Problem description =>
Only the lines from the one that contains "犭夜太郎(1)後半 2009.6.25" through the last line of the data below should be duplicated, exactly and without pictures.

Dataset excerpt =>
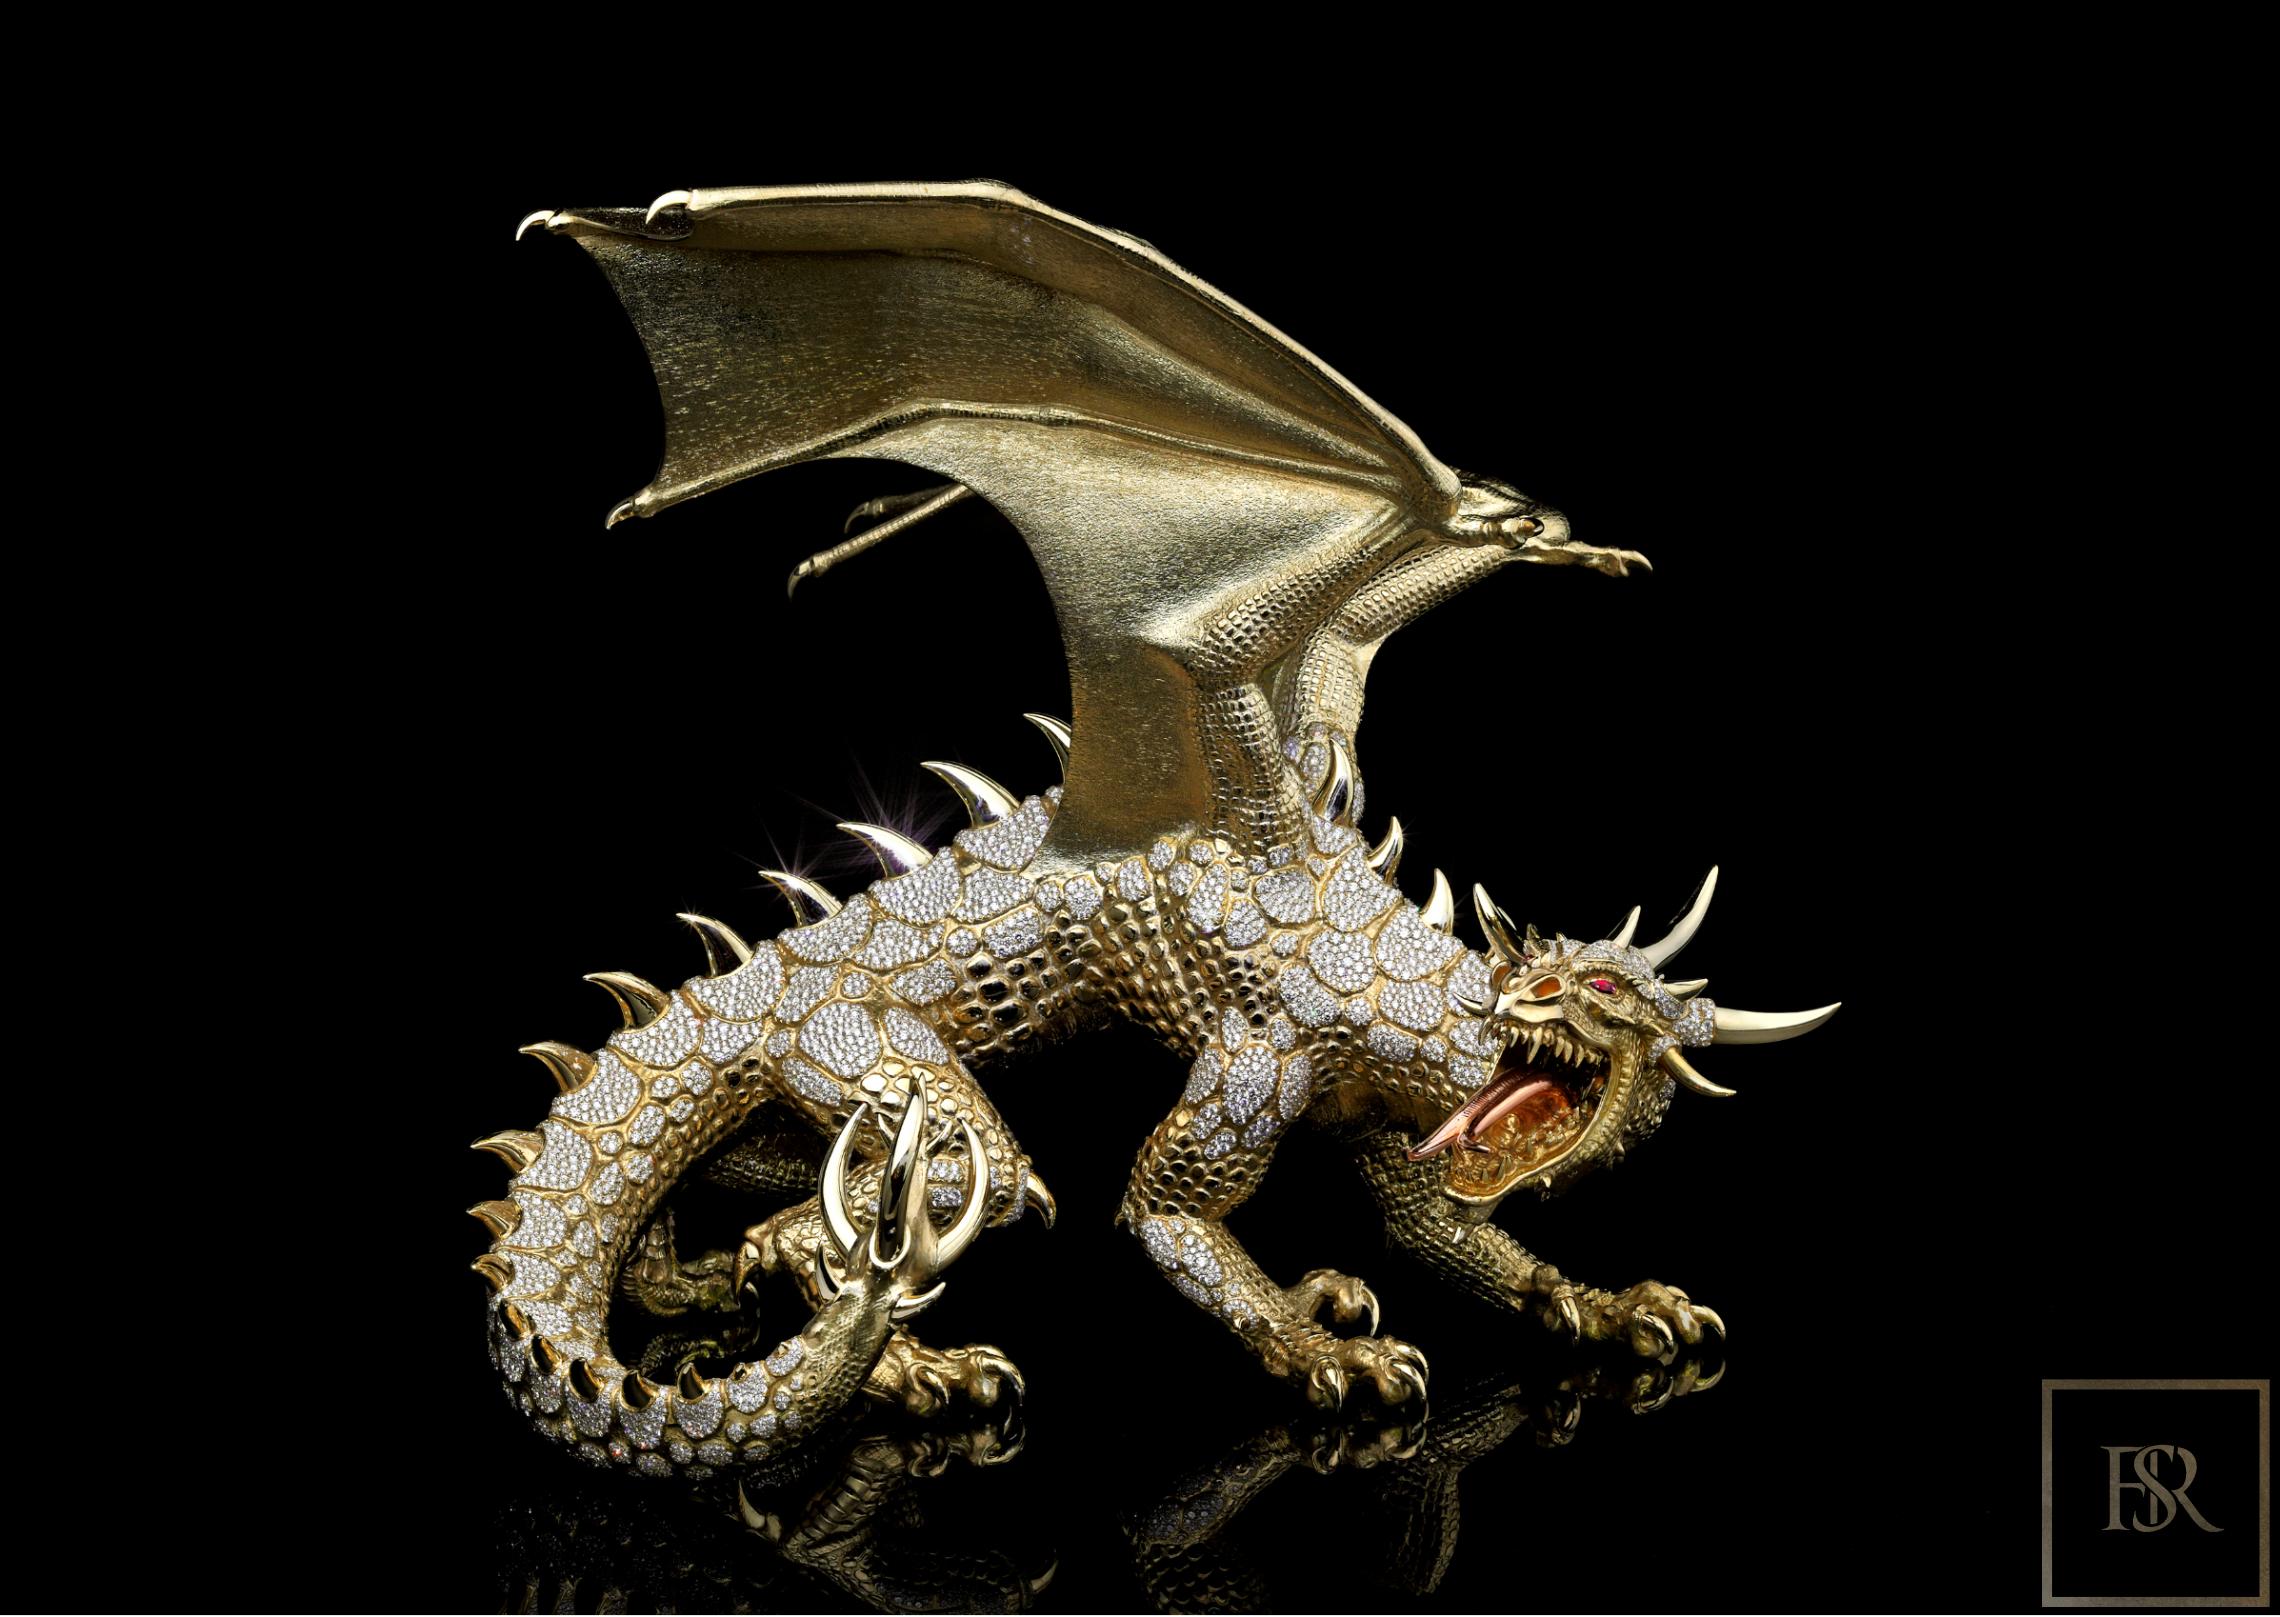 Unique Sculpture Dragon AHTON - GIBERG for sale For Super Rich
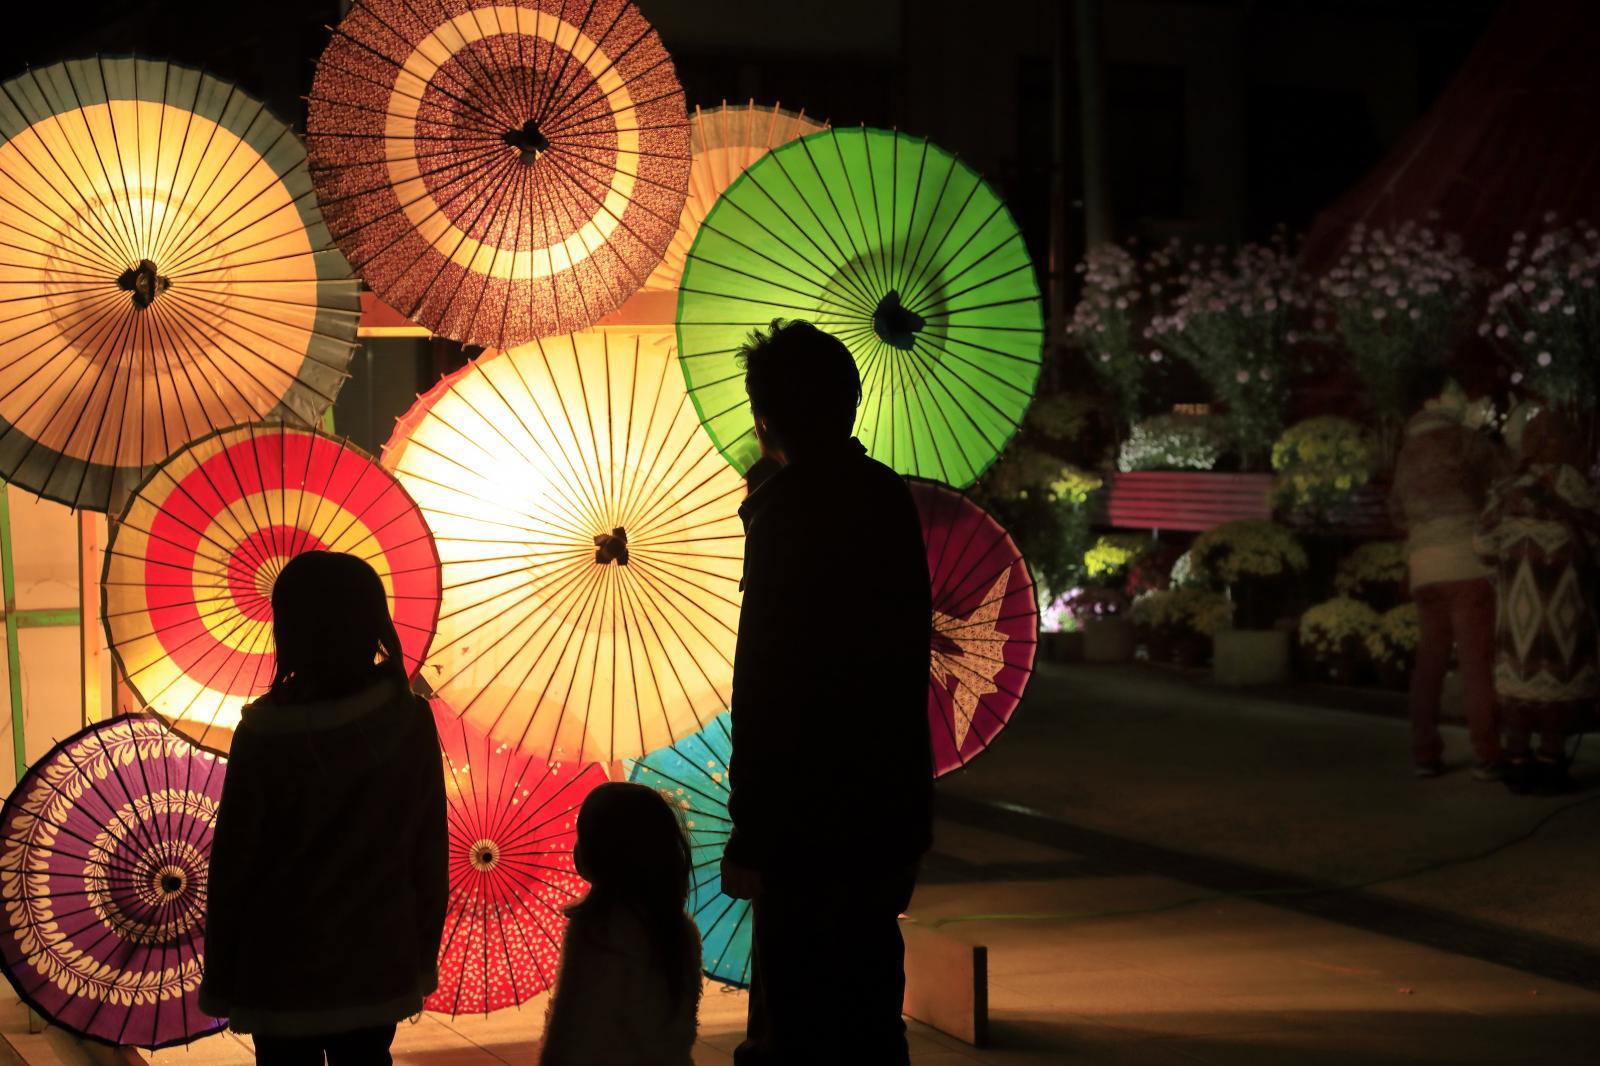 菊まつり傘
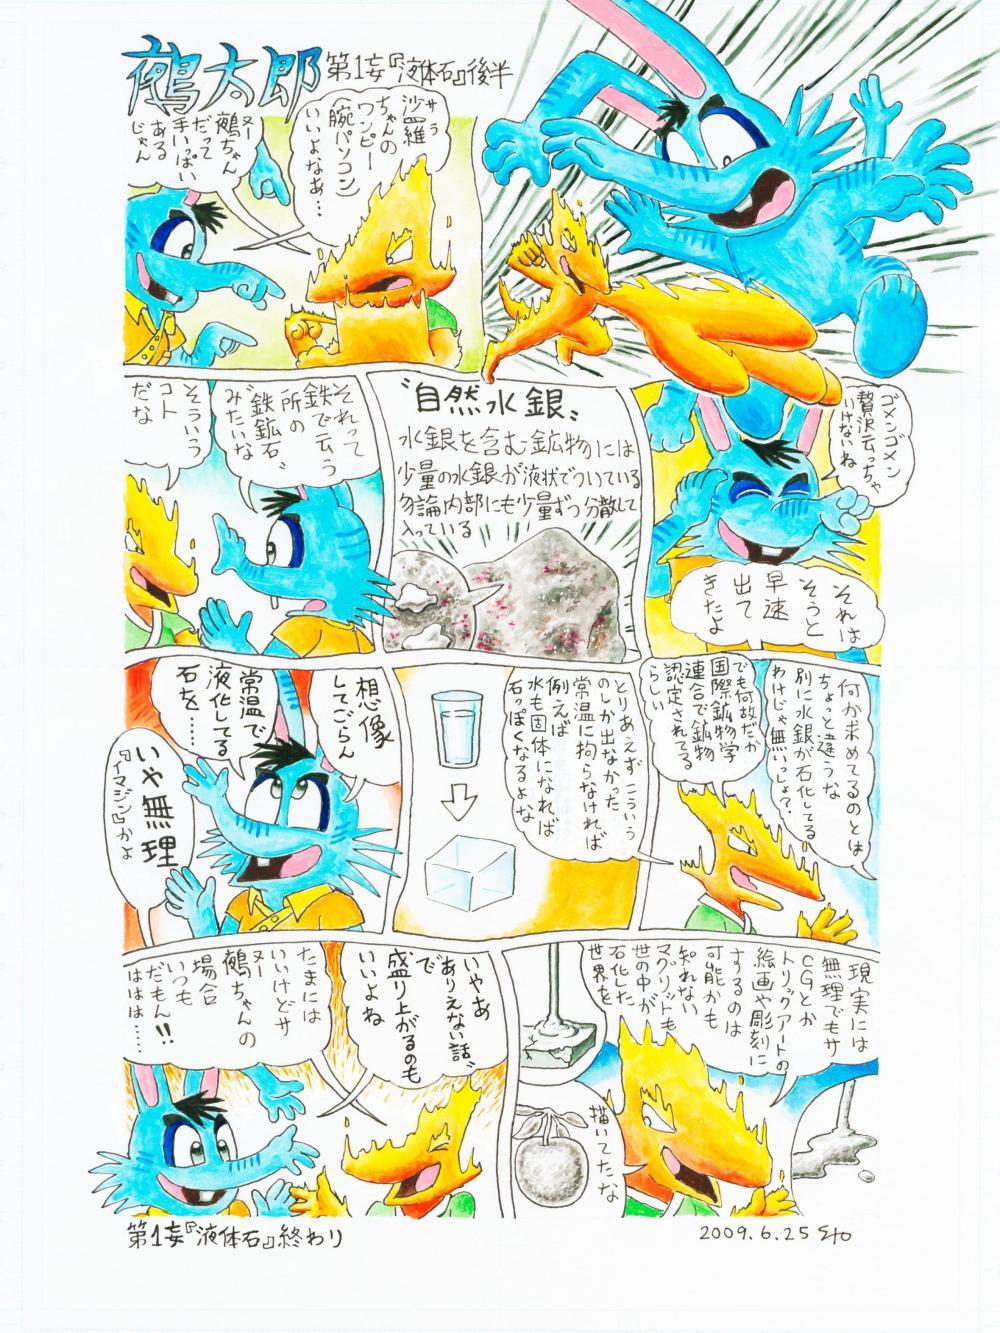 犭夜太郎(1)後半 2009.6.25
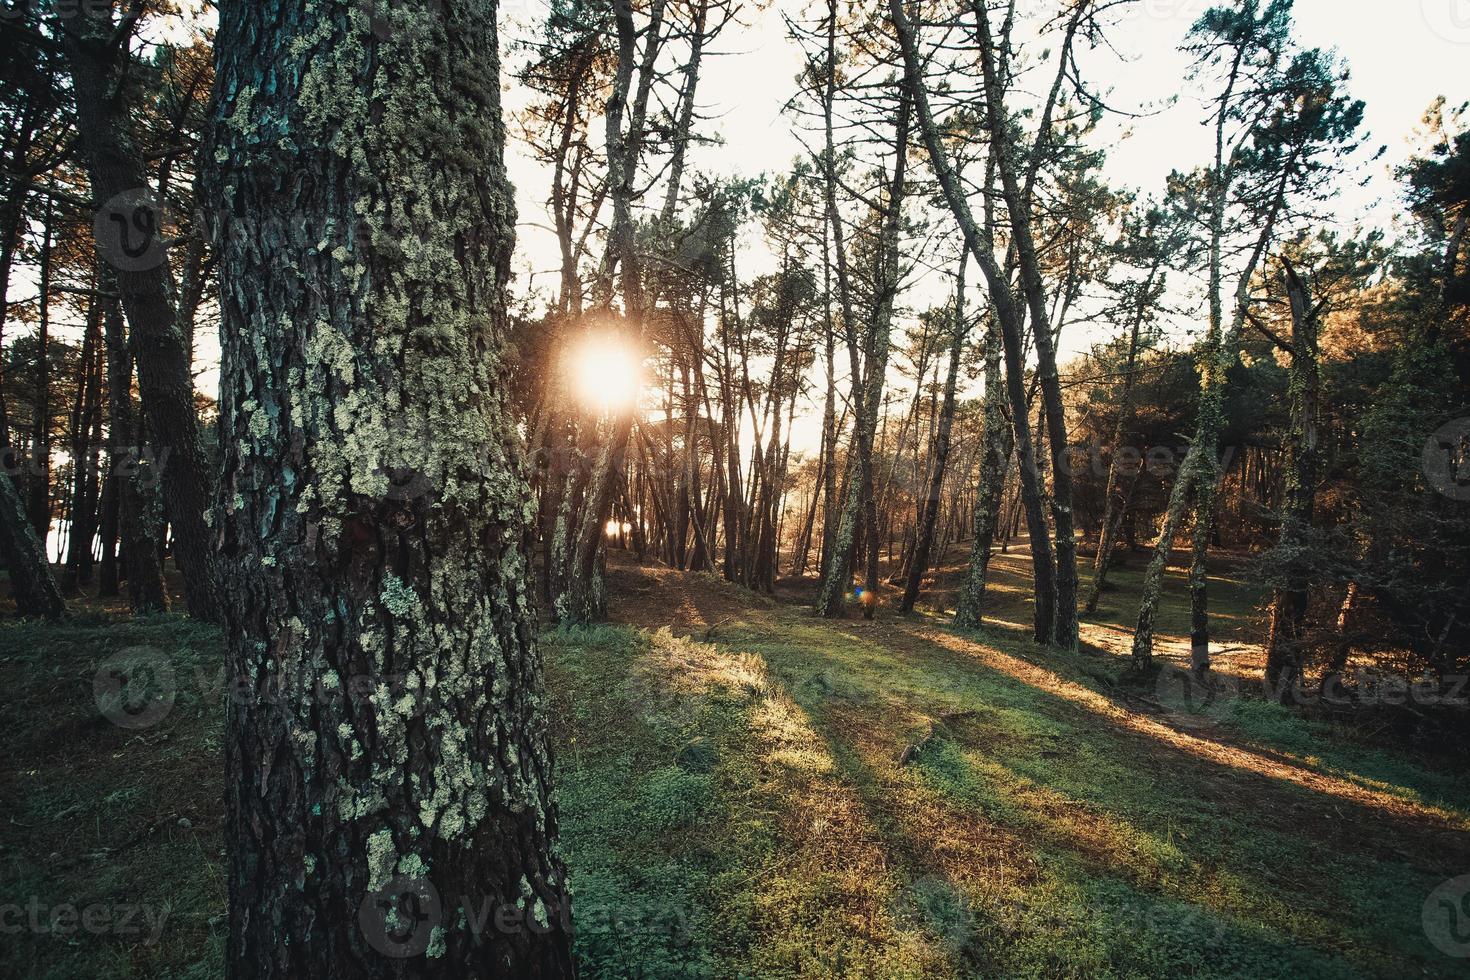 Wald während eines Sonnenuntergangs foto

Exercise solution =>
 犭夜太郎(1)後半 2009.6.25
 Wald während eines Sonnenuntergangs foto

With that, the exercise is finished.